When it succeeds in doing what it can do, art can suspend that sense of the everyday, and create possibilities for us to rethink but also more importantly, reimagine. And in a moment characterized by extreme barbarity and a real threat to what we once deemed as ideals, reality then almost necessitates a different kind of reflection. Screening Alexis Damianos’s Until the Ship Sails (1966) and Ahmed Fawzi Saleh’s debut feature, Poisonous Roses (2018), speaks to the moral horrors of this moment. At a time when Europe stands watching as hundreds of migrants sink in the sea, our shared sea, while forbidding assistance and help setting up and paying authoritarian regimes, not just to capture those migrants but in many cases to drag them “back” to where they came from or worse kill them. It is of course ironic considering that the movement across the Mediterranean has been consistently going back and forth at least since the dawn of human settlement in the area.

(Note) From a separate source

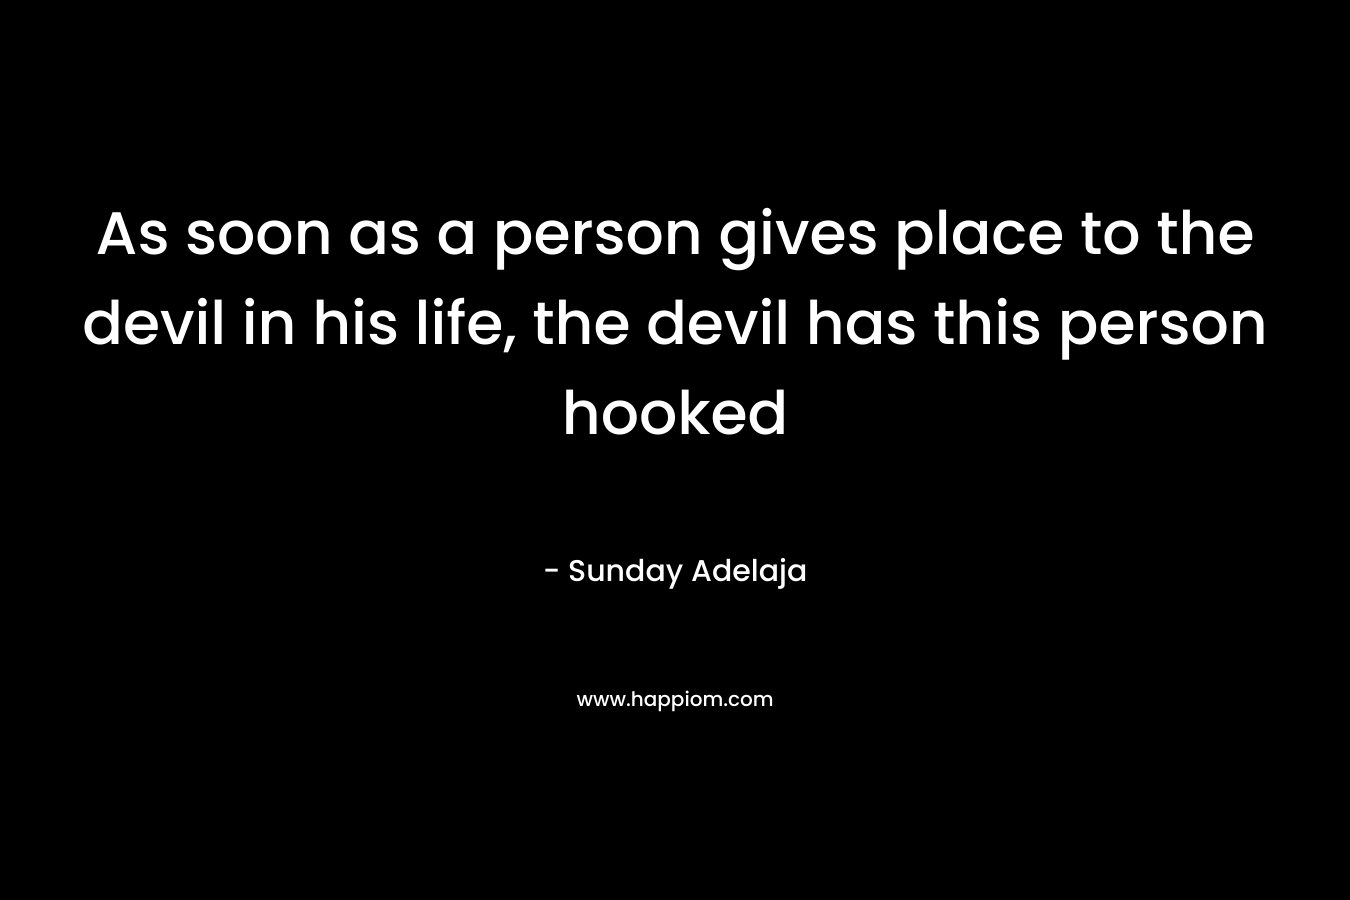 As soon as a person gives place to the devil in his life, the devil has this person hooked

Europe’s moral bankruptcy in claiming it can no longer take anymore refugees becomes even more sinister as it insists on propping dictators and brutal regimes across the region and continent and not only that, but making billions by selling weapons to those same regimes that people are escaping from.
There is a profound resonance between Damianos’s and Saleh’s work. Both come from countries that had similar histories in their state formation, both were provinces of the Ottoman empire, Greece’s independence from the Ottoman empire was combined with the establishment of a foreign dynasty to rule the country, as was the case with Egypt.
In 1805 when an attempt was made to overthrow the Ottoman viceroy in Egypt, a semi-autonomous state from the Ottoman Empire was achieved albeit by foreign dynastic rule that lasted till 1952. Both countries were thrown into the limelight of international politics by virtue of their position with regard Western interests, Greece more directly than Egypt as being part of Europe, but nevertheless both became sites of Cold War conflicts that nearly escalated to full scale regional wars, for example the Greek Civil War (1946-1949) and the Tripartite Aggression (1956).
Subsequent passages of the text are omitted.